The secret of change is to focus all of your energy, not on fighting the old, but on building the new. — Socrates

I am in the process of making some changes to my life. This is exactly what I want to do—focus all of my energy on building the new. By nature, I resist change. The last two years have brought good things to my life, and in some ways it is hard to move on. I have grown from my recent experiences, yet I feel strongly that there is something new just around the corner.

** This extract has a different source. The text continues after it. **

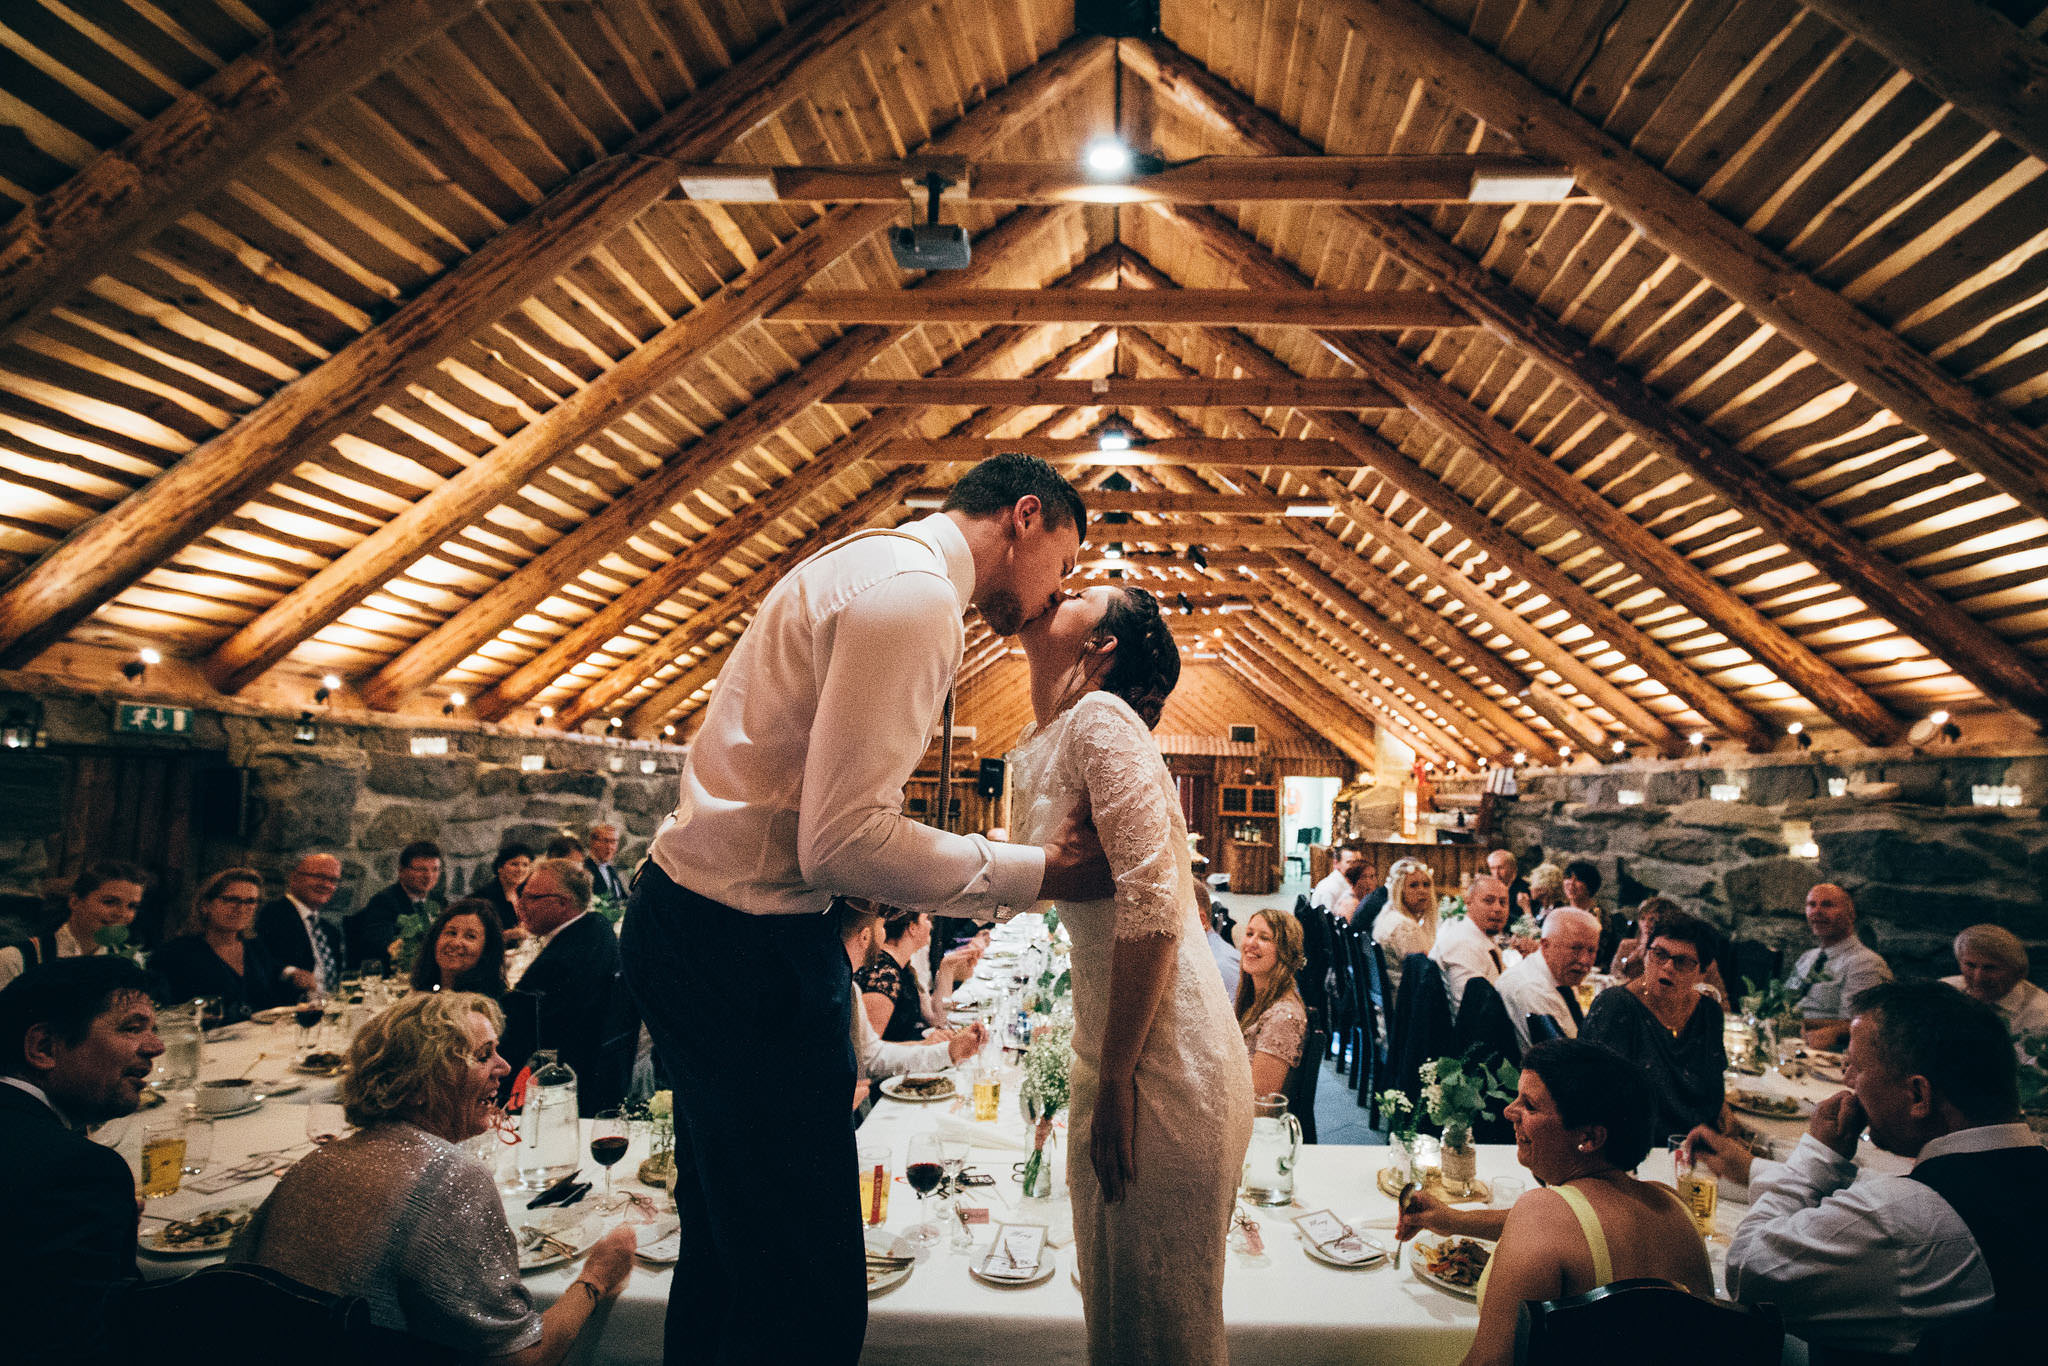 Norway+wedding+photographer+elopement+pre+wedding+Casey+Arneson-108.jpg

I’m not sure if anyone else has this reaction, but sometimes I just have to mourn the loss of the old a bit before I am able to take on the new with the passion that it deserves. At the time I write this article, I am just beginning to come out of my mourning period for the old, so by the time it is published, I should be hitting the new with the steam of a locomotive. Unfortunately, this is only phase one of the changes in my life, so when phase two arrives, I will probably end up going through a second mourning period.

I don’t like these periods of melancholy. I want to be able to focus all my energy on the new things to come. Why, oh why, do I resist change?! It does feel like I am fighting the old—even though I enjoyed that period of my life—maybe even because it was so desirable to me. I don’t want to continue the battle with the old. I want to forge ahead with the good things in my future.

seemed-102073_640We need not feel that we must forever be what we presently are. There is a tendency to think of change as the enemy. Many of us are suspect of change and will often fight and resist it before we have even discovered what the actual effects will be. When change is thought through carefully, it can produce the most rewarding and profound experiences in life. The changes we make must fit the Lord’s purposes and patterns . . . Never should there be a time when we are unwilling to improve ourselves through meaningful change (Elder Marvin J. Ashton, “Progress through Change,” Oct. 1979 General Conference).

So how can I concentrate my efforts on building the new? Here is my plan:

  • Wake up every morning, breathe deeply, and tell myself it is a good day.
  • Make decisions on how to accomplish my new goals.
  • Include God in all decision making.
  • Make a timeline showing where I want to be regarding those goals in three months, six months, nine months, and one year.
  • Set aside a block of time each day to work on my ongoing projects.
  • Record my progress at the end of each week.

Change is good because it makes us grow, and it teaches us to be resilient, but it can also be frightening. The unknown is always a little scary. Nobody wants to fail, and taking on new projects often brings with it the possibility of failure. The interesting thing about failure is that it doesn’t always have to be bad. Failure can also teach us what we need to learn in order to succeed in future attempts.

There is something worse than failing; never trying and then always wondering if you would have succeeded had you made the attempt. I have done that a few times, and I have promised myself that I will never do it again. I would rather fail trying than not try at all.

Life needs to be experienced; not just marked off in time. It is more than getting up in the morning, going to work, coming home, and going to bed. Life is the process of learning and growing physically, emotionally, and spiritually. Growth is impossible without exposing yourself to experiences. Just as a tree can’t grow without soil, water, oxygen, and sunshine, people can’t grow without food, water, sleep, and life experience.  Life experience comes from living life; not from hibernation.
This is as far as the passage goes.